Not known for their intrinsic value, we recently witnessed Bitcoin and cryptocurrency assets ascend to unheard-of heights only to watch them lose half their value in a month. Talk about difficult to price. The era of non-fungible-tokens “NFT” that now command millions, sorry, tens of millions, for a digital photo or video previously available for ‘free’ was completely unheralded but nonetheless has arrived.

 

Our old markets have diverted in the definition of value, too. Growth stocks and residential property have rallied with prices hitting new highs daily but value stocks and gold, long considered a ‘store-of-value’ asset, look relatively cheap.
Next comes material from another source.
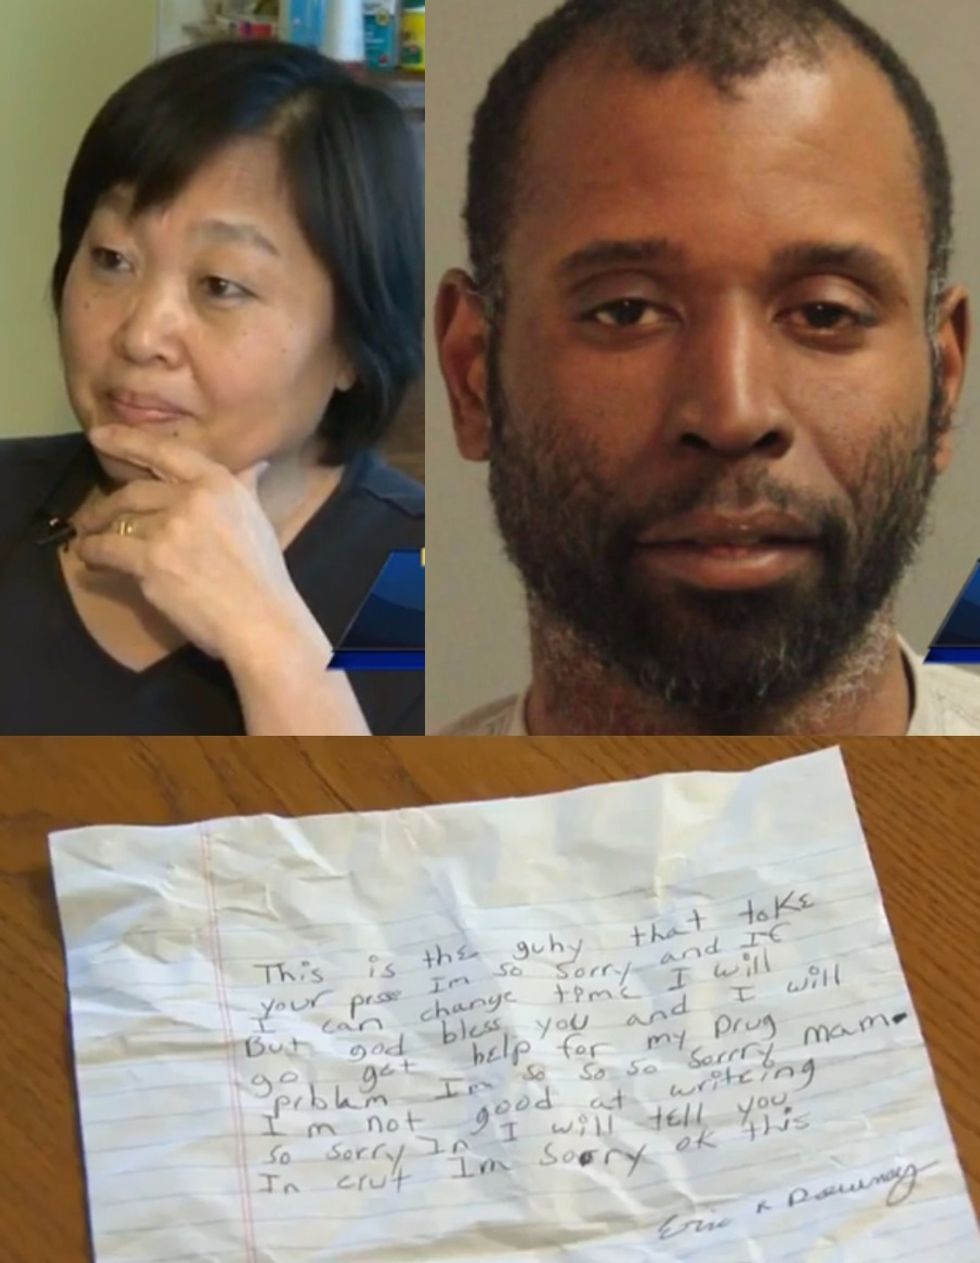 He Robbed Her, She Bit His Hand. Then Police Showed Up With the Letter He Wrote to Her.

GameStop is a name you have most likely heard about. A ‘meme’ stock, as it is known; it trades based on popularity and sentiment on Reddit message boards, not on profits and growth. Old cars, fine wines, rare bourbons, heck, even Pokémon cards are scaling new heights. Somehow, with all this run-up, interest rates on US government debt remain near all-time lows and some European bond yields are still negative. What’s an investor to do?

 

Defining value is a central purpose of markets. Historically, the valuation of an asset in any market was driven by a set of relatively defined factors like location or cash flow in real property, or a variety of ‘multiples’ in publicly traded companies i.e. price to earnings or sales etc., with other factors like liquidity, growth rates, or intangibles like brand value, ‘moats’ surrounding the business etc. adding to the price. While these principles still exist today, a lot of newly created value has abandoned them. History has been generally unkind to self-pronounced new paradigms especially as they have related to value, intrinsic or not. But even with the current zaniness of markets new and old, we remain focused on the important job of helping our clients maintaining their good financial health. That is, paying attention to the financial risks we face, ensuring proper, personal allocations, diversification and, managing risk ongoing. While the returns look enticing of late, rest assured that we do not intend to start investing in used cars. Perhaps we should go for a convertible, though? Have a great summer!